I'm in the same camp.  As much as I love Stowe and Sugarbush, the Fox44 covers me for VT at a much cheaper cost per visit.  I wish NH had something similar as I doubt I do much skiing in VT next season.   Of course right now I'm basking in the glow of an incredible day at Wildcat and want to dive right back into a granite pass.


----------



## bdfreetuna (Feb 23, 2015)

I'd like to get a Fox44 next year. And maybe just a single Ski Vermont 5 pack. Would be nice to check out some NH and NY areas without paying full price.


----------



## gmcunni (Feb 23, 2015)

bromley with a lot of snow on a sunny day - can't be beat.


----------



## Abominable (Feb 23, 2015)

gmcunni said:


> bromley with a lot of snow on a sunny day - can't be beat.

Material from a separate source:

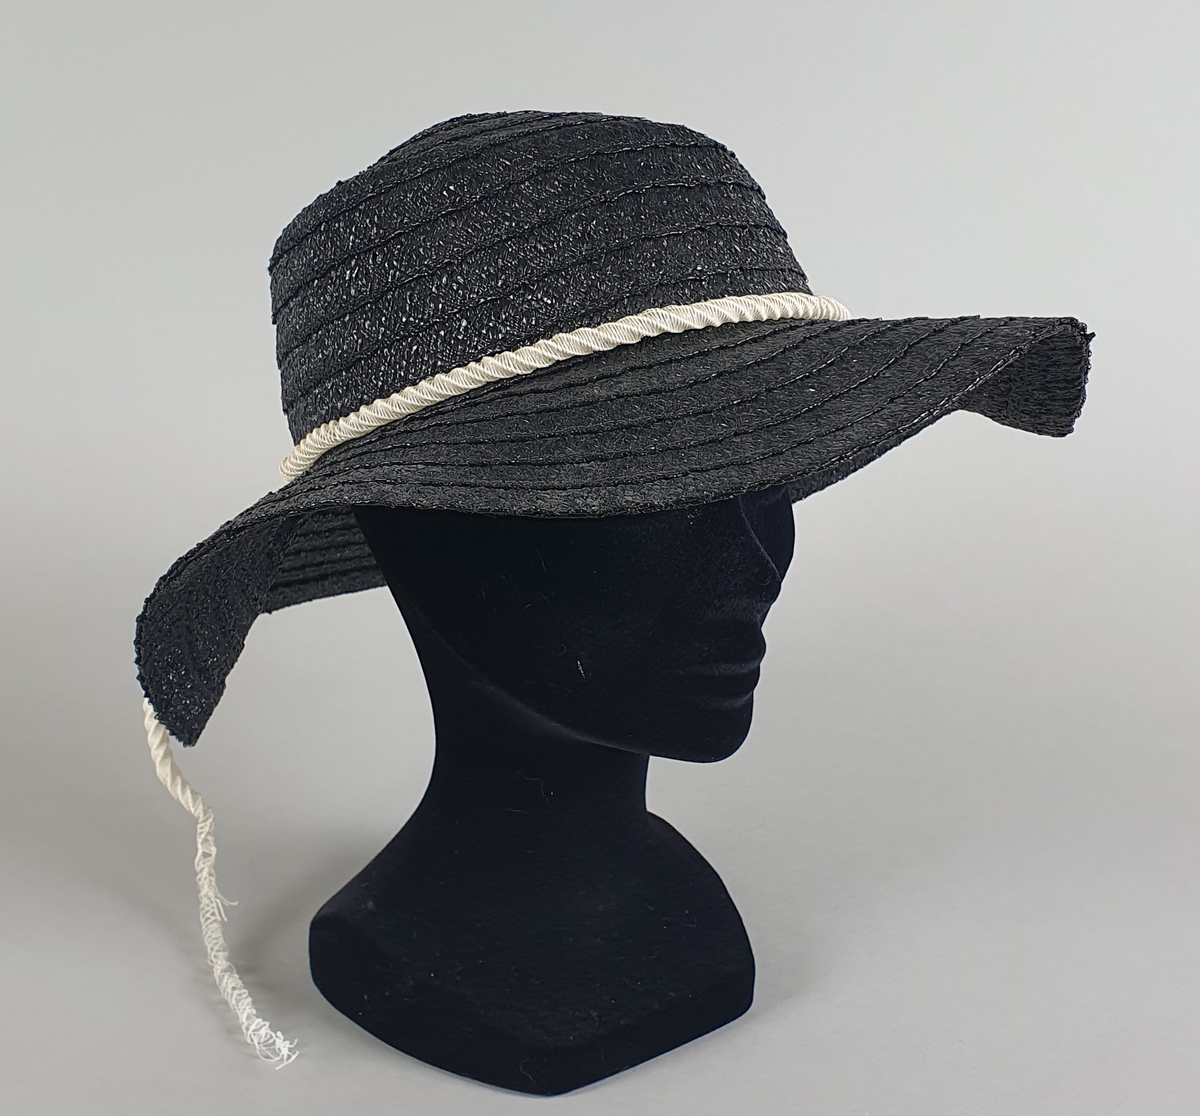 Mørkeblå (svart) hatt av plast, med hvitt plastbånd rundt pullen.

I was down in CT when that sun came out, and as much fun as I was having, I was thinking of the Sun Mountain.  Jealous!

Here's to a long spring season!


----------



## gmcunni (Feb 23, 2015)

Abominable said:


> Here's to a long spring season!


:beer:


----------



## deadheadskier (Feb 24, 2015)

Apparently Paul McCartney is a fan of Bromley.  He was skiing there yesterday then had dinner at Hapgood General Store.

https://www.facebook.com/JJHapgood/...0887439955827/936467959731100/?type=1&theater


----------



## MadMadWorld (Feb 24, 2015)

Looks like it was a bump fest for you. Glad to see you picked up the camera to snap a pic when you saw David falling. It's in the father handbook I think.


----------



## marcski (Feb 26, 2015)

Cool. I haven't been to Bromely in about 7-8 years.  Looks like a great day at one of the oldest ski areas in the country!


----------